I was pissed. And ashamed that I couldn’t keep up. I felt awful that I’d let him down, and angry that he’d done the same to me. And I was more than a little terrified for dropping my first-ever F-bomb.
He waved off the other grownups and headed my way. I’m sure I was wide-eyed as he approached. Swats were still pretty mainstream back in the ’70s, and I’d earned more than my share already. But he just bent over and dug me out, fished my boots from the mud, and set me on his shoulders. He took a few steps up the trail, and then stopped.
“What’s that over there?” he asked, nodding toward the rushing creek. I pushed back my hat so it hung by the chin strap. I squinted. Boulders? No, wait. Boulders don’t move, and they’re not fuzzy.
Bears. Black bears, and brown bears. Bears of all sizes. I gasped. “Daddy? What do we do?
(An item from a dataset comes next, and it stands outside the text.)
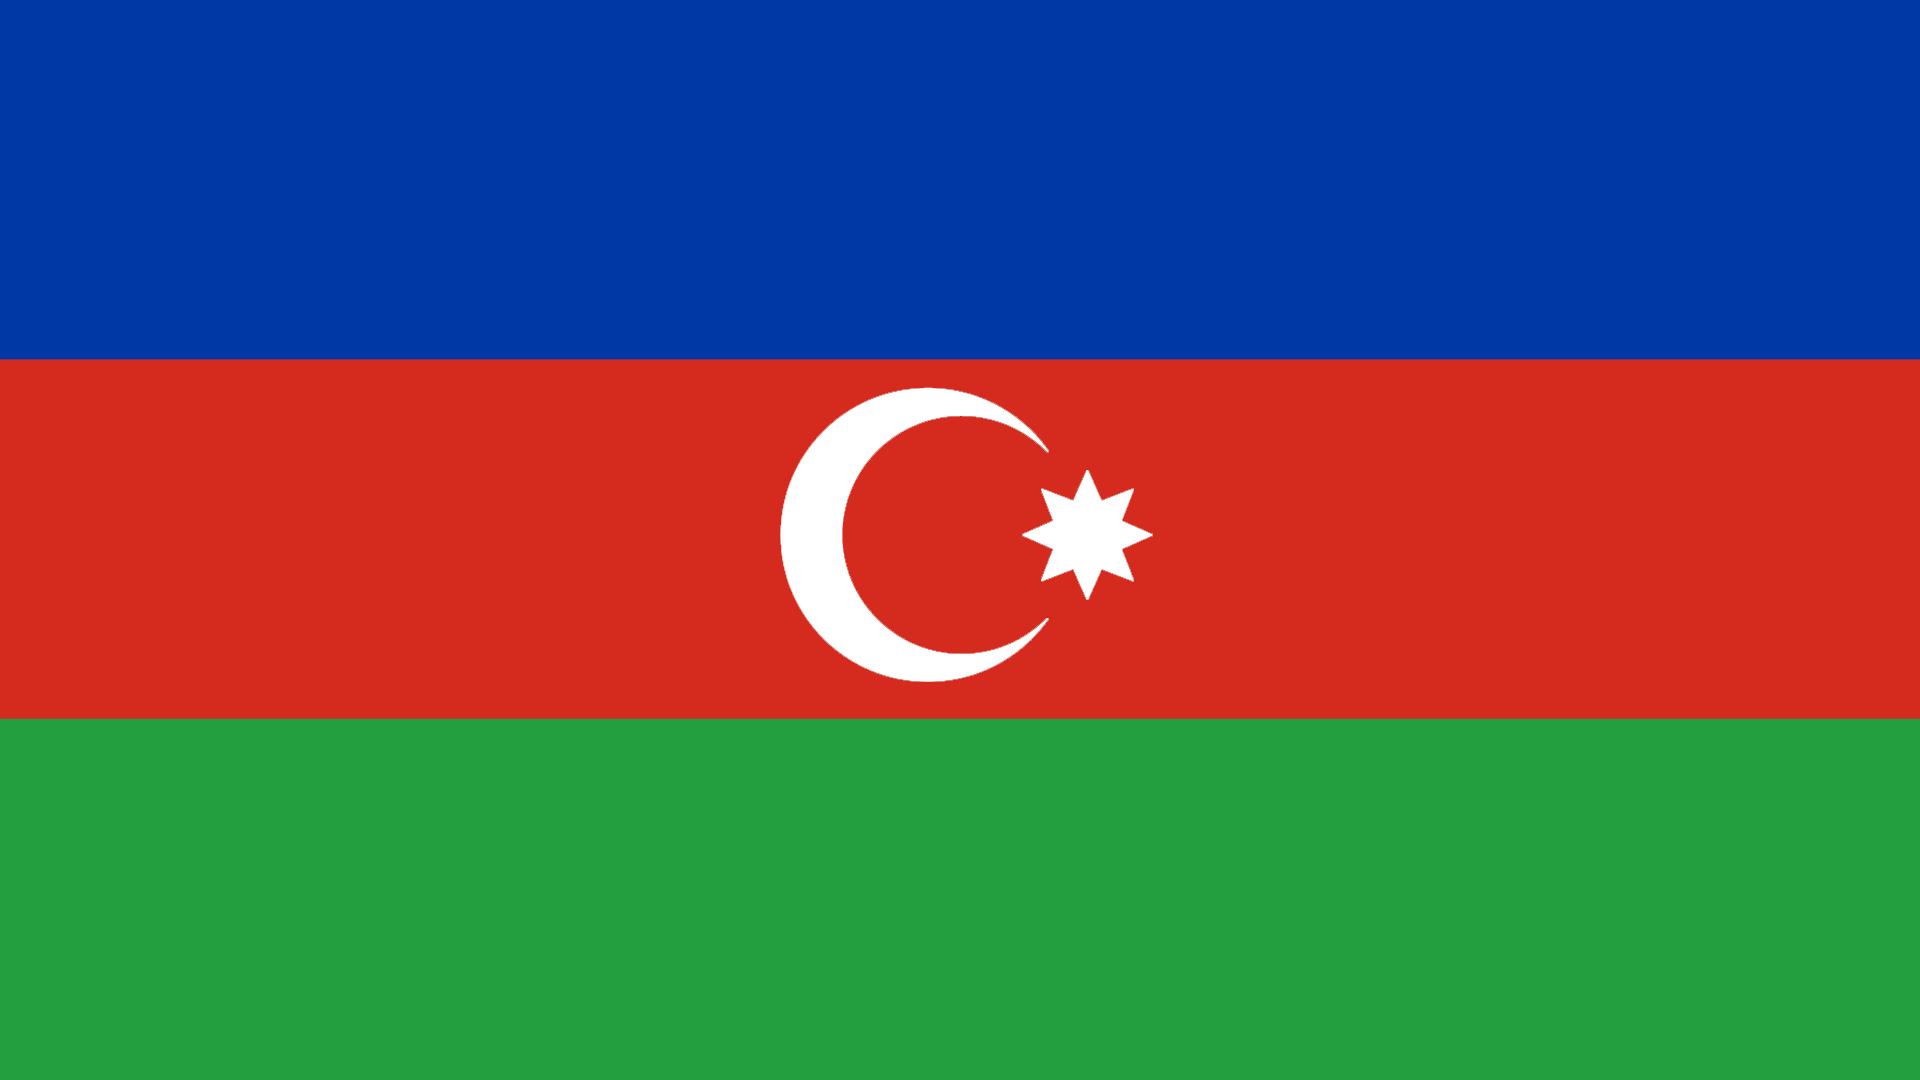 Azerbaijan Flag   Wallpaper High Definition High Quality Widescreen 1920x1080

He’d already told me what to do if I ever encountered a bear. Make noise, don’t make eye contact, get out of its way, and quickly walk in the other direction. But Dad kept moving forward, and soon we were on a large cedar deck. He didn’t set me down, but he walked us up to the railing.
“They don’t care about us,” he explained. “They don’t come onto this side of the creek, and when they do, they’re worried about catching salmon. Not us. This is a safe place.”
I was spellbound. I wasn’t angry or scared anymore; I’d forgotten about the five-year-old-me’s version of a Great War death march. After a few minutes watching bears scooping up and juggling silvery, slippery pink salmon, I began to feel a sense of having earned something special.
To this day, I don’t remember the hike back to the shore.
For years afterward, I’d pile on the drama and tease Dad about how he forced me to slog the half mile to Anan Creek. He wasn’t neglectful or mean; he just underestimated where other people draw the line between “kill me now” and “I’ve got this.”
But really? That was my most important adventure. I try to remember that day whenever I jump into anything new: jobs, relationships, my first time eating some kind of weird cultural food. I’m fortunate I have that lesson when I feel I need to measure the payoff against the effort.
You don’t know if those 300 stairs will lead you to a crappy egg-salad sandwich picnic next to a big, ugly piece of boring, or if a half-hour tromping through 18 inches of mud will lead you to the coolest thing you’ve seen before or since.